Разница была в том, что Жуков был профессиональным военным с самой большой буквы, это была его стихия, и вне ее он почти ничем не любил заниматься. Даже когда заставляли обстоятельства.

Сталин был профессиональным политиком - тоже с большой буквы. Хотя, как я только что отметил, специальной военной подготовки не имел, военного опыта - тоже, тем не менее его слово часто положительно решало специфические, требующие профессиональных знаний вопросы. Скажете: но были советники! Дело в том, что оценивать военные советы и советников он научился далеко не сразу. Слушал, например, маршала Г. И. Кулика и согласился с мнением этого горе-специалиста, что автомат - полицейское оружие и незачем оснащать им сухопутные войска. Понадобились уроки войн в Монголии и в лесах Финляндии, чтобы изменить это мнение на обратное. Ну, и ряд других советов, вроде расформирования механизированных корпусов в конце 30-х годов, воспринял он от невежественных советников.

стр. 114


Генеральный штаб, как я уже отмечал, поддерживал наше предложение о немедленном приведении приграничных железных дорог в готовность к массовым воинским перевозкам. Однако сознавать необходимость какого-то общественного дела и бороться за его внедрение в жизнь - эти качества не всегда совмещаются в характере человека, в том числе и военного.

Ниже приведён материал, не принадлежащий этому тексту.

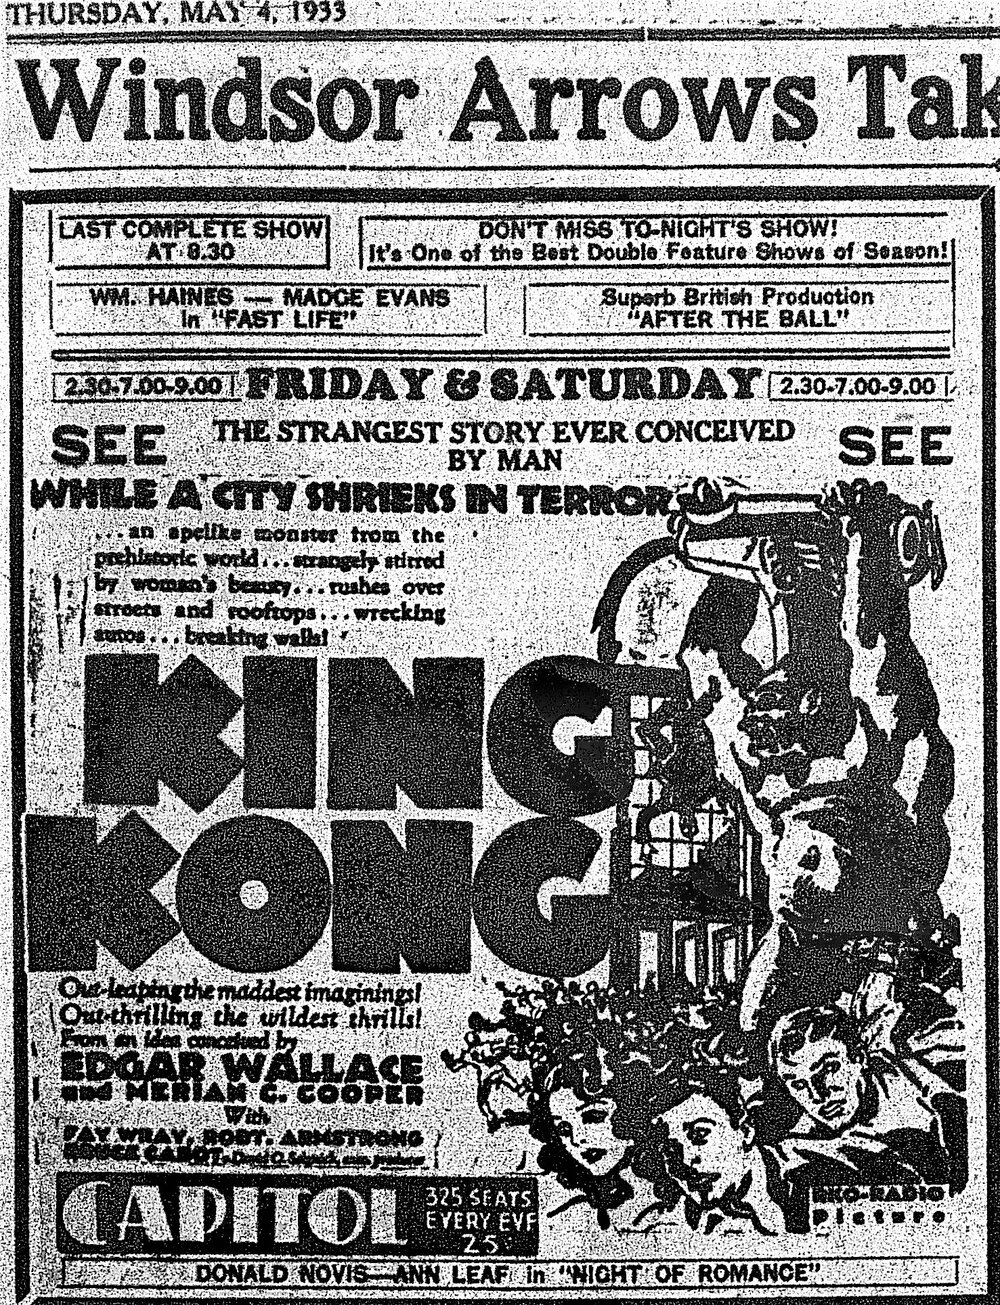 1933 May 4 p17 Capitol King Kong (3).JPG

Работники отделов Генштаба - оперативного и военных сообщений шли с нами в одном ряду и в ногу, пока мы не входили в кремлевский кабинет очень высокого начальства. Тут они вместо того, чтобы биться и доказывать нашу правоту, начинали соглашаться, и я нередко оставался один.

Во всяком случае так было, когда Каганович, докладывая Сталину, отметил, что военные товарищи с пониманием отнеслись к экономическим трудностям в переделке приграничных железных дорог. И понадобился Г. К. Жуков на посту начальника Генерального штаба и Н. Ф. Ватутин на посту его первого заместителя, чтобы сдвинуть с места это важнейшее дело. Но пришли они в Генштаб слишком поздно, в начале сорок первого года, и физически невозможно было до июня завершить огромный объем работ по перестройке всей железнодорожной сети приграничных областей и республик. Время было упущено, мы опоздали и во многом также по этой транспортной причине оказались битыми в первые месяцы войны.

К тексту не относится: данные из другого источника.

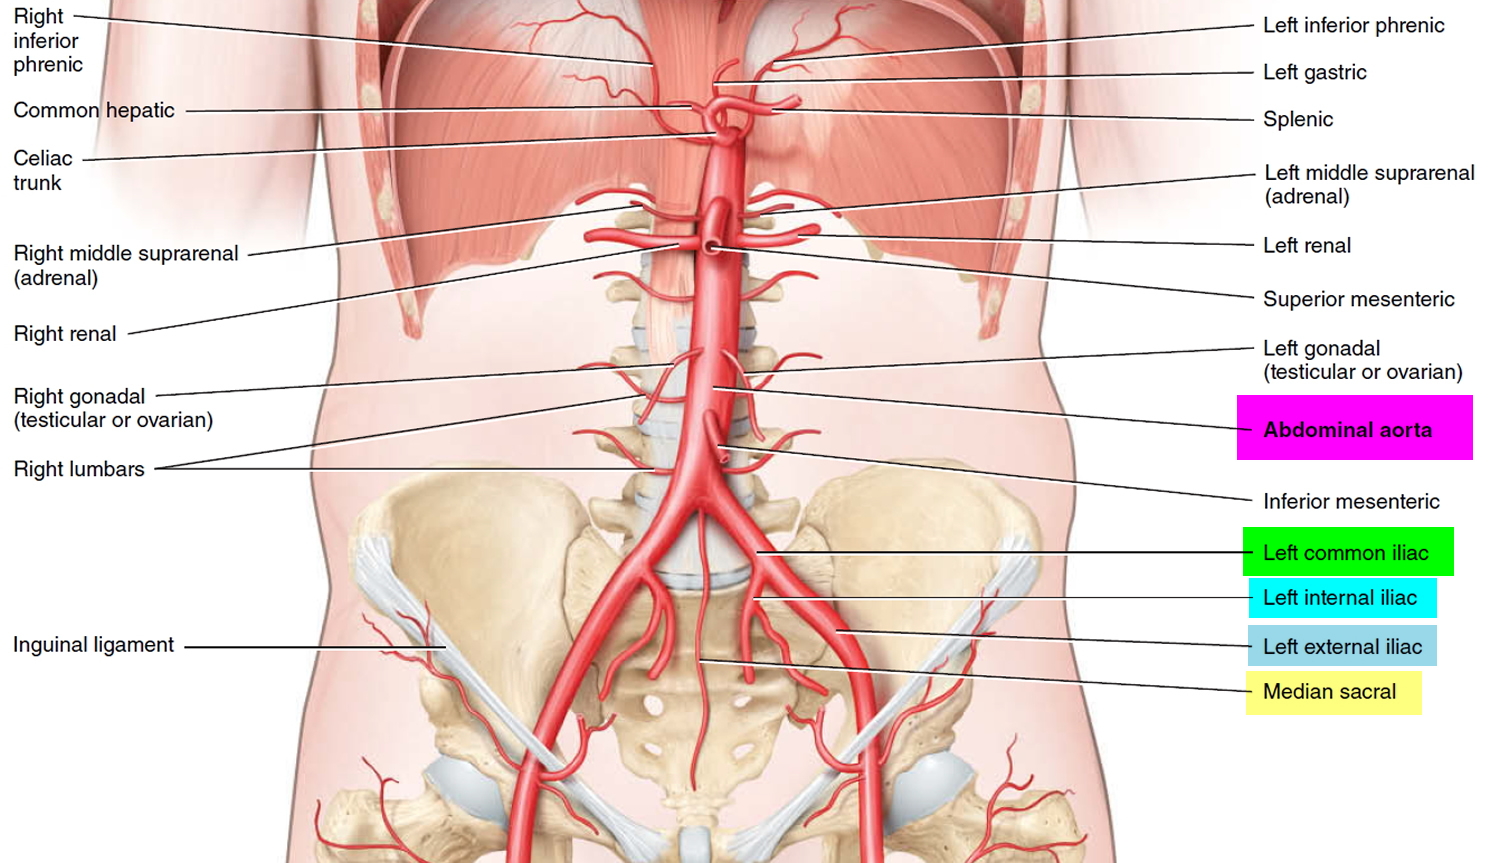 Iliac Artery - Common iliac artery, Internal & External iliac artery

Г. А. Куманев: Насколько мне известно, Ваша последняя должность перед войной -работа в Народном комиссариате государственного контроля СССР. Как произошло, что Вы были переведены в этот наркомат, который возглавлял небезызвестный Л. З. Мехлис, зловещая роль которого в проведении "чисток" и истреблении военных кадров проходит через многие документы и воспоминания очевидцев? Какой круг задач решал Наркомат госконтроля и его глава, чем конкретно занимались Вы на новом посту?

И. В. Ковалев: Во второй половине мая 1941 г. меня вызвали в Управление кадров ЦК ВКП(б). В кабинете секретаря ЦК Г. М. Маленкова находился Л. З. Мехлис, член Оргбюро ЦК, нарком государственного контроля СССР и заместитель Председателя СНК СССР. Маленков спросил меня:

- Готовы ли перейти на работу в Наркомат государственного контроля?

- Чем я провинился? - спросил я.

- Ничем, - сказал Мехлис. - Мне нужен помощник, хорошо знакомый с железной дорогой. Помните, о чем мы с Вами говорили на партийной конференции в Смоленске?

- Помню.

- Согласны перейти к нам?

- Категорически против, - сказал я и объяснил, что после военной академии не хотел уходить из армии на железную дорогу; потом не хотел уходить с Западной дороги в аппарат НКПС, в обоих случаях подчинился партийному решению. Я практик, на практической работе чувствую себя на месте. А контролер из меня никакой.

- Такая наша обязанность - подчиняться решениям партии, - заметил Маленков. - Будете контролировать, а верней сказать, форсировать подготовку транспорта и военной промышленности к войне. Задача для Вас не новая, она - продолжение старой задачи.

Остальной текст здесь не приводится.